La marque a le vent en poupe !
Lors de la réalisation de l’enquête, le Crédoc et Inoha ont pu observer que la marque était devenue un levier d’attractivité et de fidélisation. En effet, cette dernière incarne des motivations d’achats qui devraient se poursuivre d’ici 2022. 15 à 20 % des bricoleurs-décorateurs ont été sensibles à la marque en 2019 : 21 % d’entre eux ont d’ailleurs entamé leurs recherches sur Internet par le nom de la marque, 14 % recherchent directement l’information sur des sites de marques et 15 % sont motivés par l’achat d’un article de bricolage ou de jardinage pour la marque. Les raisons sont multiples : 43 % des bricoleurs-décorateurs sont motivés par la qualité (+3 points par rapport à 2014), 23 % sont motivés par l’esthétique et le design (+10 points), 21 % par le confort d’utilisation (+1 point), 9 % par l’aspect écologique. A l’heure où les consommateurs sont de plus en plus préoccupés par la dégradation de l’environnement, il est évident que ces derniers optent davantage pour des valeurs d’éthiques. Dans ce sens, la marque reste une valeur sûre. Ainsi, sont incités à acheter un produit : 80 % de bricoleurs et 76 % de l’ensemble des shoppers, s’il est fabriqué dans leur région ; 77 % des bricoleurs et 74 % de l’ensemble des shoppers, s’il est fabriqué par une entreprise veillant à la juste rétribution des producteurs ; 71 % des bricoleurs et 68 % de l’ensemble des shoppers, s’il a des garanties écologiques.

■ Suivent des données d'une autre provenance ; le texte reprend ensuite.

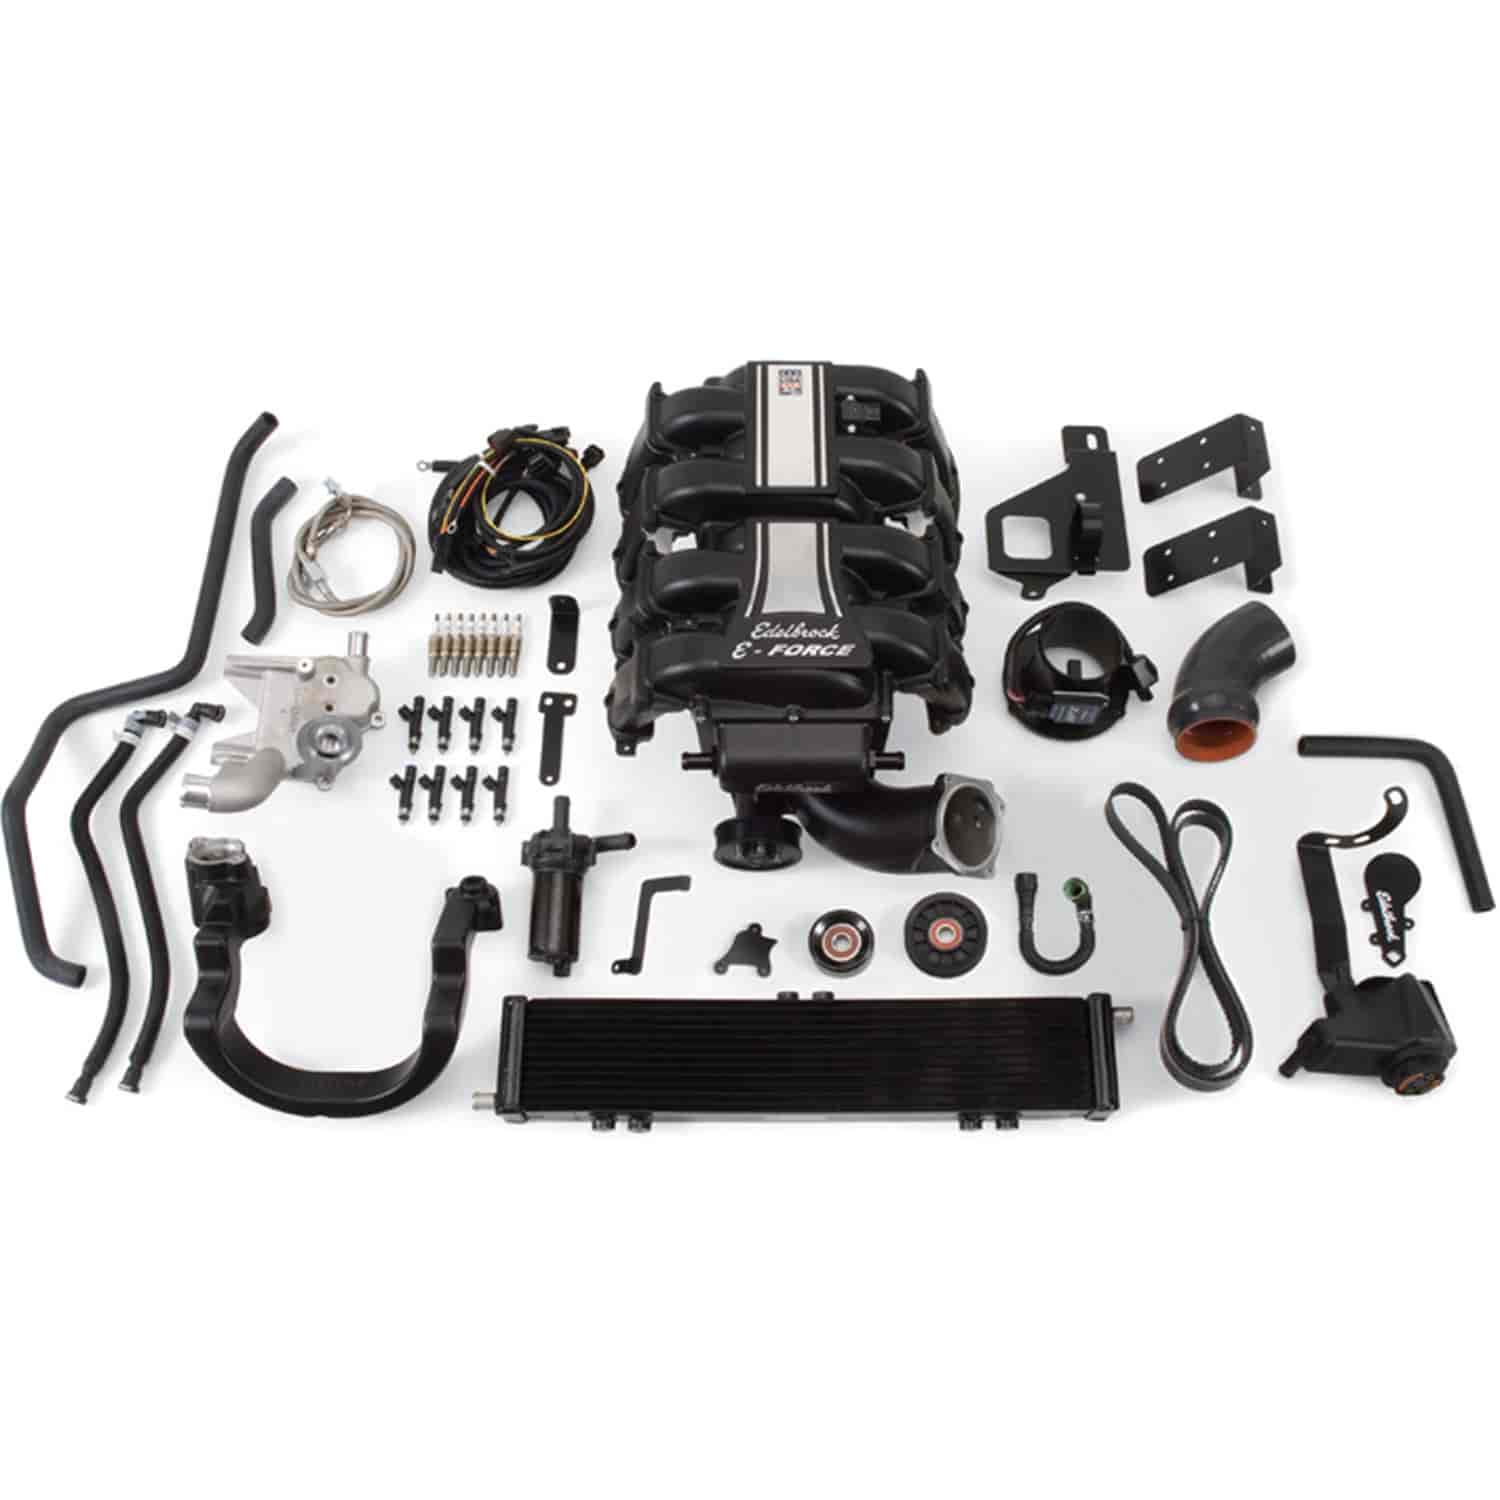 E-Force Supercharger Kit for 2009-2010 Ford F-150 2WD 5.4L 3V, Expedition, and Lincoln Navigator

La livraison à domicile a la cote
L’autre tendance observée : le développement de l’économie servicielle grâce à la forte utilisation du web. En 2019, 80 % des bricoleurs ont eu recours à Internet pour comparer les prix (46 % d’entre eux), mener des recherches rapidement (46 %), comparer les produits (43 %). Certains y ont même appris à bricoler (26 %). Par ce biais, 47 % d’entre eux trouvent des prix plus bas, 41 % pour un choix plus large, 20 % parce qu’il y a plus de promotions ou encore 16 % pour des produits spécialisés. Lorsque les bricoleurs clôturent un achat sur Internet : 41 % d’entre eux le font pour se faire livrer à domicile (+16 % par rapport à 2014), 27 % pour éviter de se déplacer en magasin (+11 %) et 19 % parce que cela évite le transport de produits lourds ou encombrants (+11 %). Le Crédoc et Inoha prévoient d’ailleurs une hausse des services de livraisons à domicile, d’ici 2022.